Yes still happens even when not hooked up, I actually tried the truck connected to a different trailer and same issue. As i said even with the factory harness not plugged into the 7 pin plug the message is still there. Under the hood i did find a blown fuse, 15a the schematic shows that as being "seo b1" didn't fix the problem though, what is that for?


----------



## mcwlandscaping (Sep 8, 2005)

Any associated fuses with the built in brake controller that could be blown?


----------



## basher (Nov 13, 2004)

This is an internal issue with in the truck. search down the frame ground and clean/tighten it if you have already cleaned the corrosion out of both of the rear trailer plugs.

Have you tried a load tester (teckonsha test box or equivalent) to see if the brake control is functioning?


----------



## QuadRacer041 (Sep 1, 2003)

basher;1481525 said:


> This is an internal issue with in the truck. search down the frame ground and clean/tighten it if you have already cleaned the corrosion out of both of the rear trailer plugs.
> 
> Have you tried a load tester (teckonsha test box or equivalent) to see if the brake control is functioning?


Are there any fuses that could be blown?
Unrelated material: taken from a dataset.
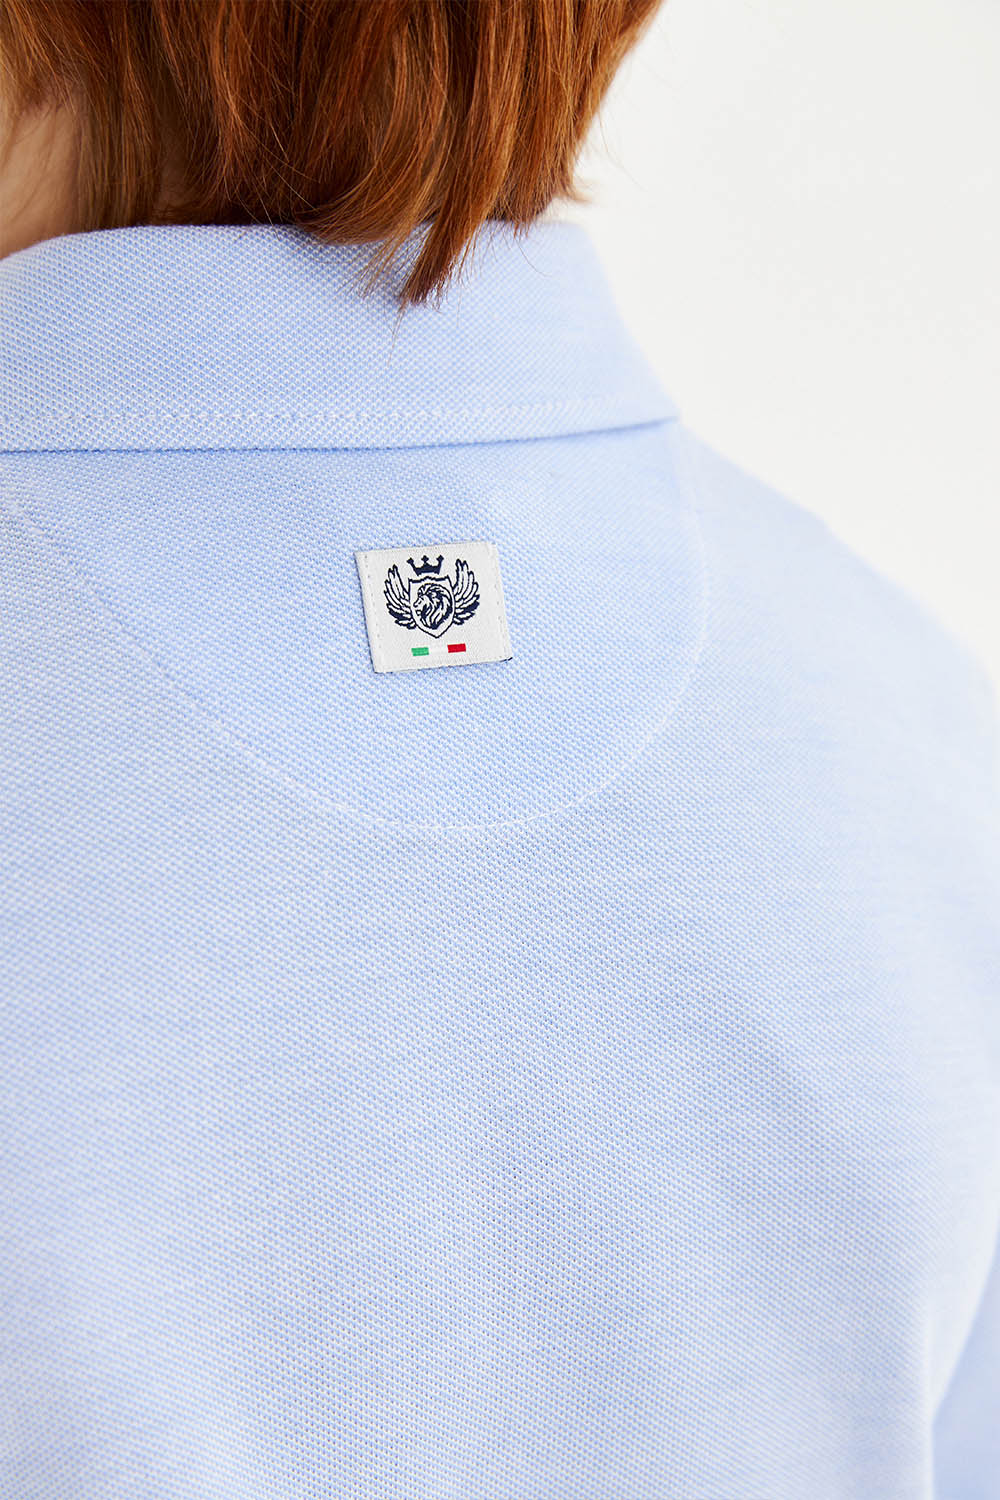 Трикотажная сорочка Comfort из 100% хлопка на кнопках (SSFSB-228-14101-365) Silver spoon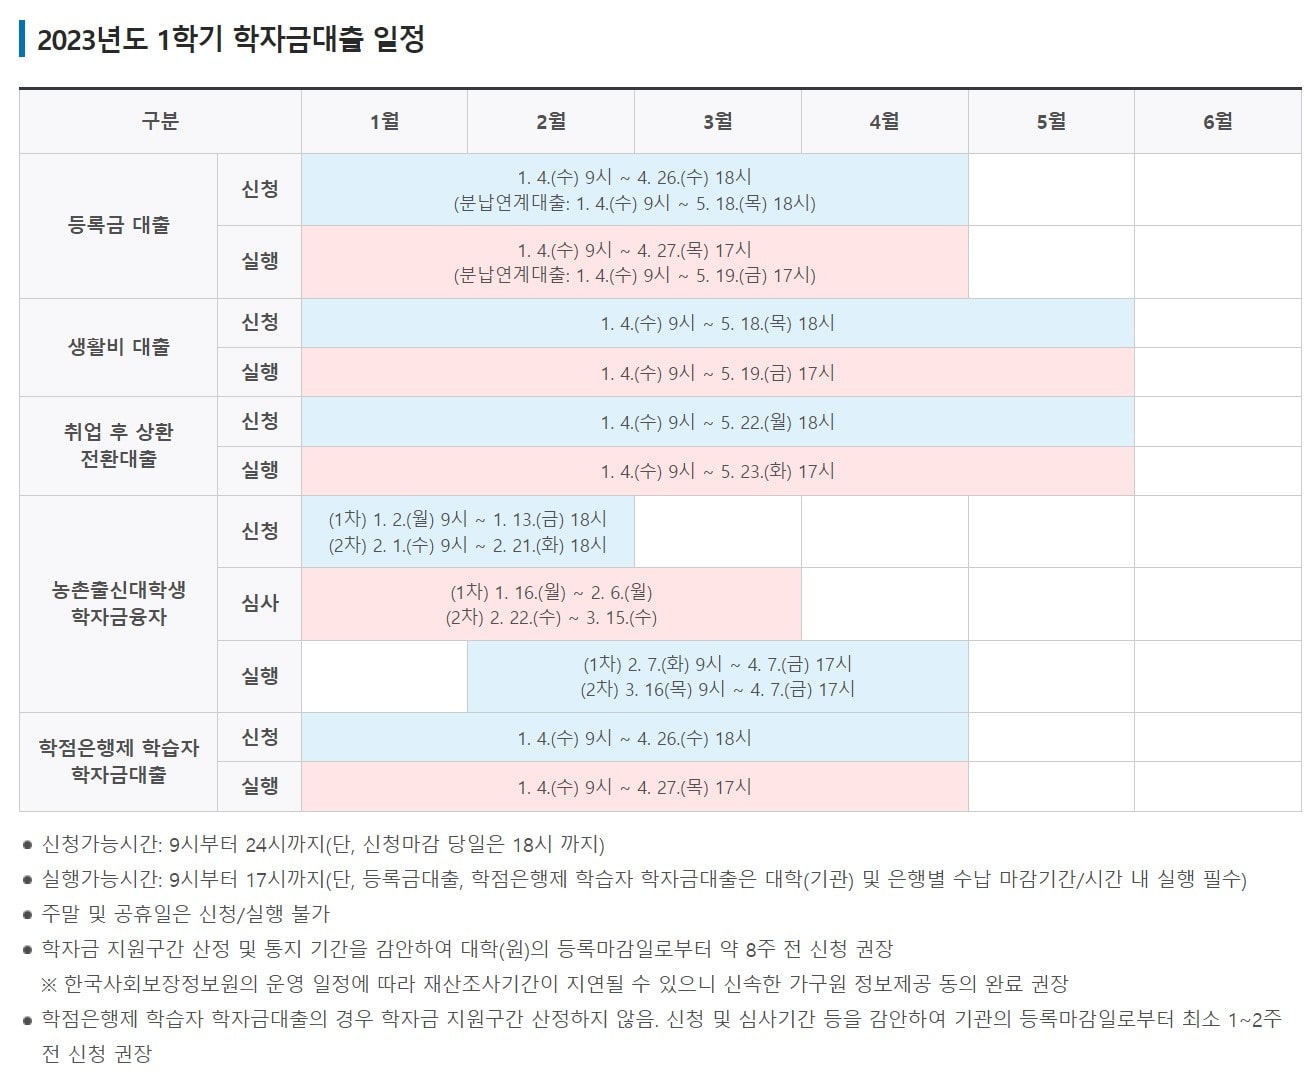 한국장학재단 생활비대출 기간 신청 실행

Where are they located? 
How do I load test to see if it is working? Any idea where the ground is?


----------



## basher (Nov 13, 2004)

The controller needs to read a magnet to operate. either a teckonsha test box or a plug with a magnet wired to the brake (blue) and Ground (white) and sitting on a metal grounded surface of the truck.

one heavy ground is normally screwed into the rear frame crossmember or passenger side frame rail.

This could also be a corroded/bare spot/pinch in the brake feed (blue) wire. 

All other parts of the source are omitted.